Na postagem, ele voltou a defender a construção e, como argumento, disse que a China, de onde ele voltou nesta sexta-feira, também tem um salão de bailes.
"A China tem um salão de bailes, e os Estados Unidos deveriam ter um também!", escreveu.
➡️ O projeto do salão, uma das reformas mais grandiosas e caras da história da Casa Branca, vem angariando críticas por preocupações com danos ao patrimônio na Casa Branca e o alto custo. Em outubro, Trump ordenou a demolição de uma ala para a construção, e, desde então, a Justiça já chegou a proibir a obra, mas o governo dos EUA conseguiu derrubar as decisões.
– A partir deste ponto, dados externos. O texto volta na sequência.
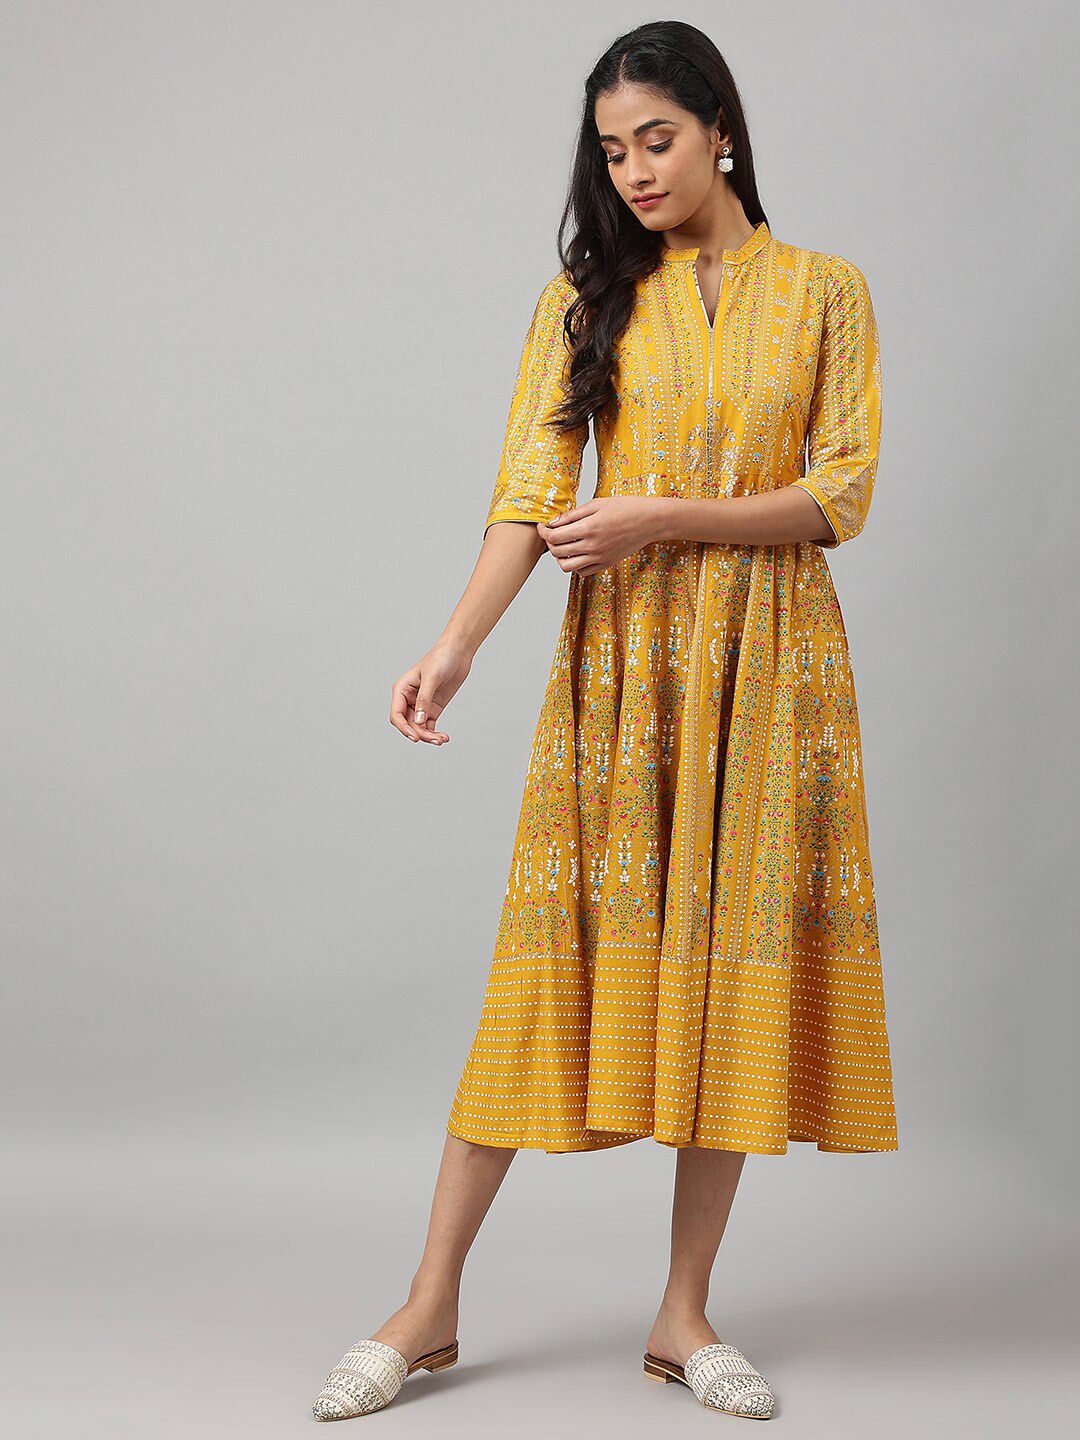 W Yellow Ethnic Motifs Chiffon Ethnic A-Line Midi Dress Price in India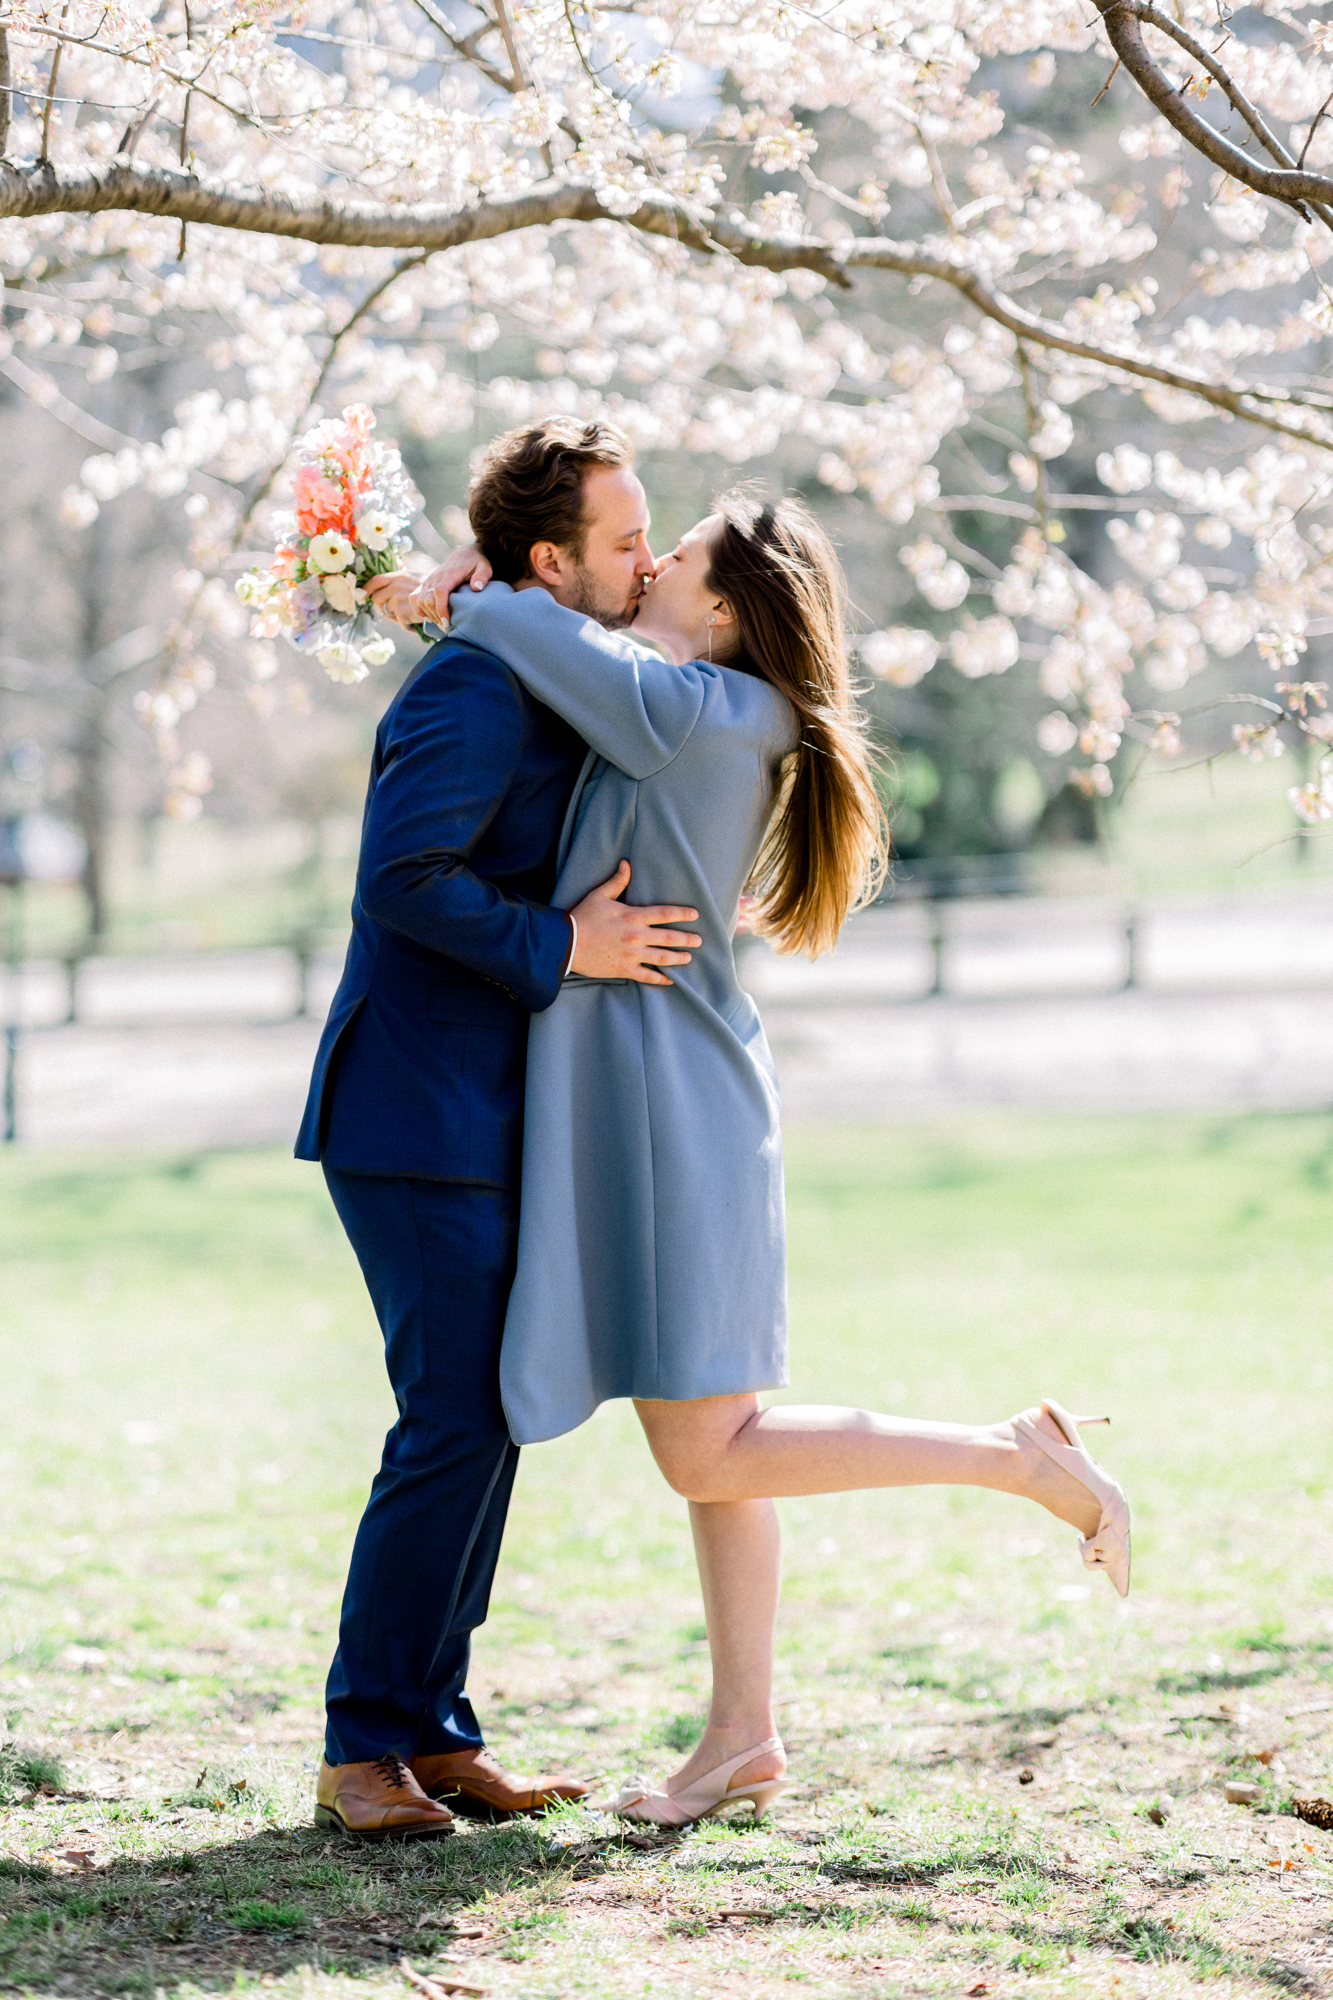 Romantic Bow Bridge Wedding Photos Among Central Park's Spring Cherry Blossoms

O projetou inclui uma espécie de bunker no subsolo resistente a todos os tipos de armas.
Na semana passada, Trump revelou aindaque o salão vai ser mais caro que o valor inicialmente estimado e deve ter um custo estimado em cerca de US$ 400 milhões (cerca de R$ 1,95 bilhão).
O valor é o dobro do inicialmente estimado para a polêmica construção, que vem angariando críticas justamente pelo alto custo (leia mais abaixo).
"O único motivo para a mudança no custo é que, após estudos aprofundados, o novo salão tem aproximadamente o dobro do tamanho e uma qualidade muito superior à proposta original", disse o presidente norte-americano em uma publicação em sua rede social Truth Social.
Na postagem, Trump argumentou que o valor inicial não cubriria o espaço adequado "para acomodar os eventos, reuniões e até mesmo futuras posses presidenciais". "O projeto final, com o dobro do tamanho e a mais alta qualidade, custará menos de 400 milhões de dólares. Será magnífico, seguro e protegido!".
Mais tarde, em um discurso na Casa Branca, ele argumentou ainda que colocará janelas
"Eu geralmente coloco vidros com cerca de um quarto de polegada de espessura. O do salão de baile terá cerca de seis polegadas de espessura. Isso pode repelir vários tipos de armas diferentes", afirmou. "Além de seguro, eu acho que vai ser o salão de baile mais bonito que eu já construí
O norte-americano disse ainda que o salão "está sendo construído rapidamente".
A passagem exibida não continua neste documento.